- **WORK ITEM**: Once the line with "Alice in Wonderland - Cheshire Cat 1.JPG" is found in the entries below, print it and each following line exactly, stopping after the line with "Lexus Customer Service"; print nothing else.

- **DATA EXCERPTS**:
* * * * *

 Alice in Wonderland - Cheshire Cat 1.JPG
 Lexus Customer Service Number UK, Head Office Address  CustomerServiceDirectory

* * * * *

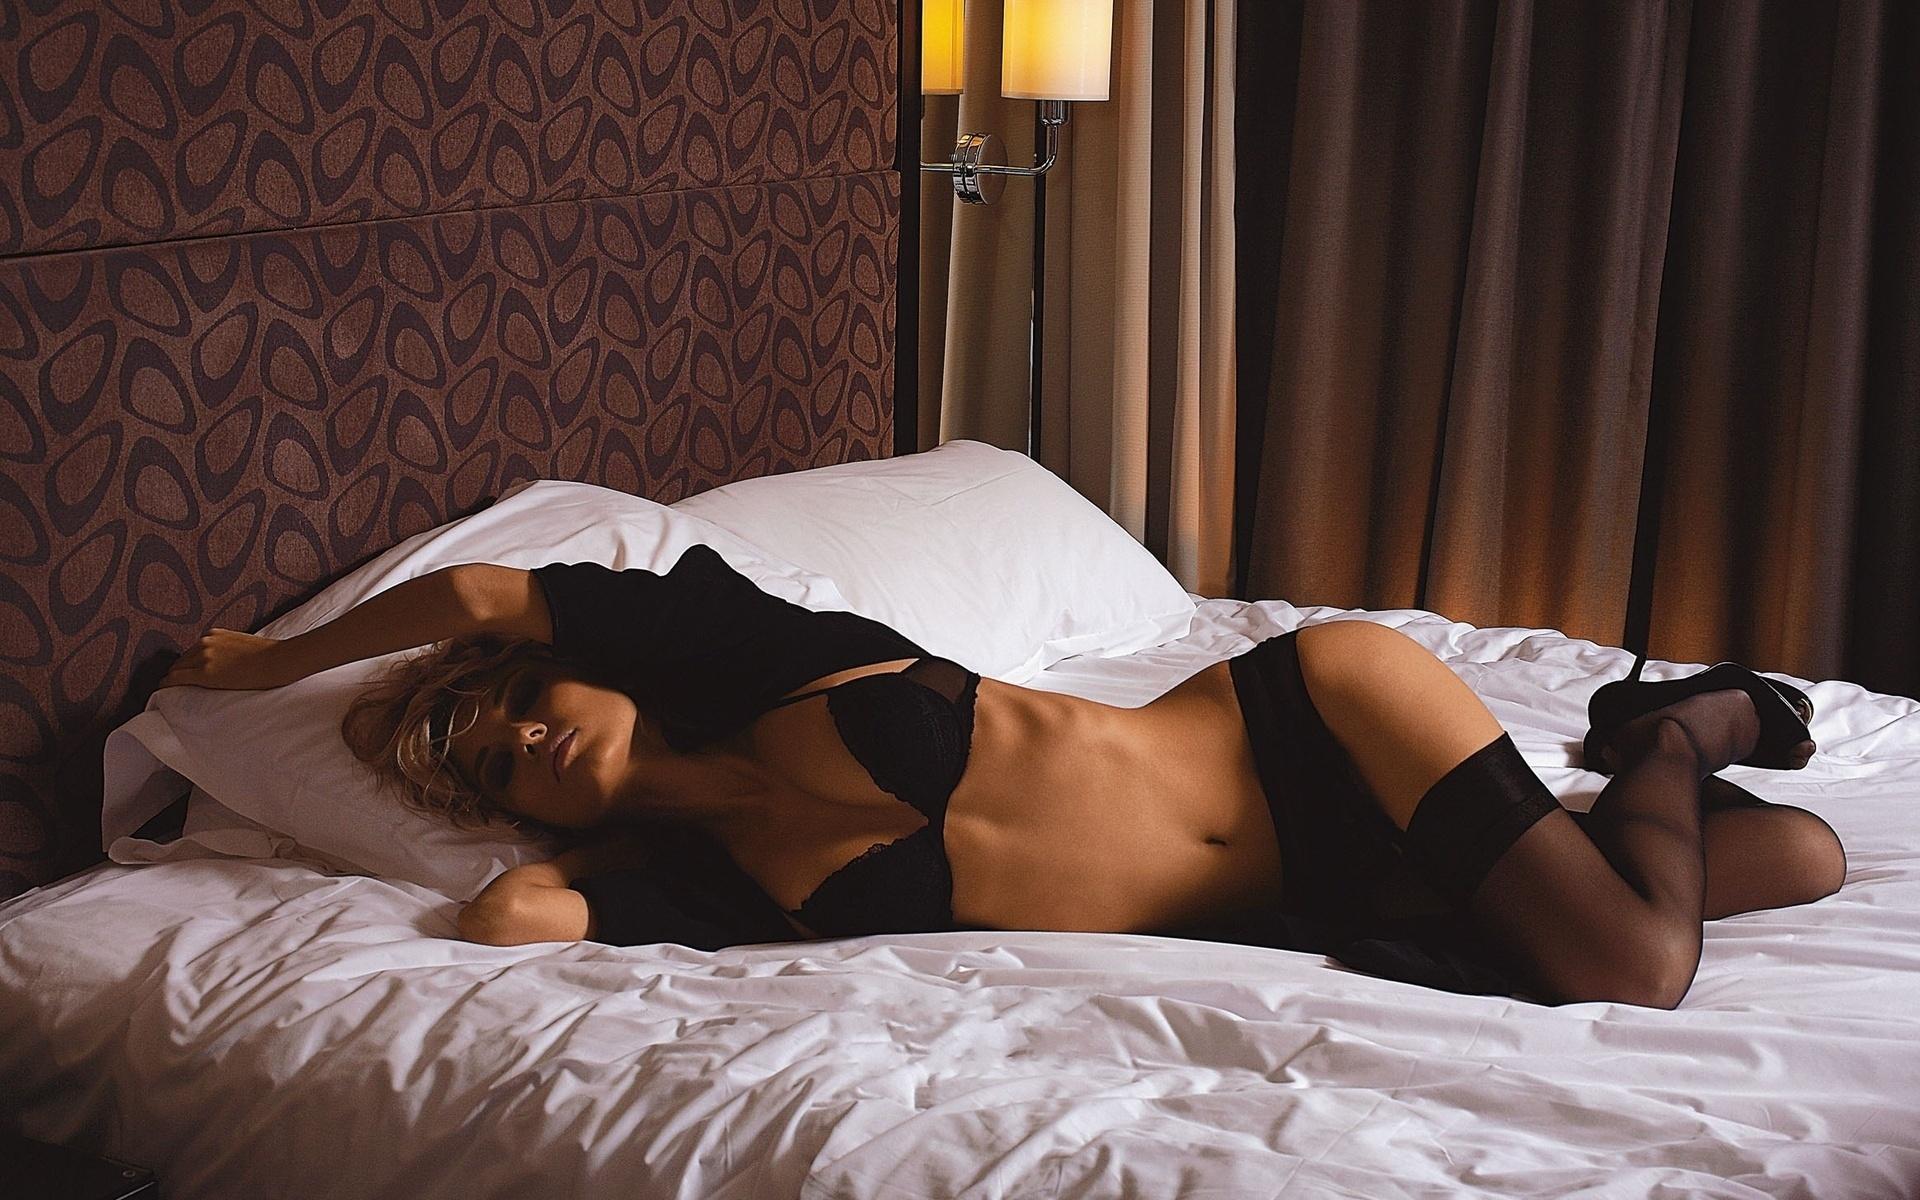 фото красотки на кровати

* * * * *

- **ANSWER BOX**:
 Alice in Wonderland - Cheshire Cat 1.JPG
 Lexus Customer Service Number UK, Head Office Address  CustomerServiceDirectory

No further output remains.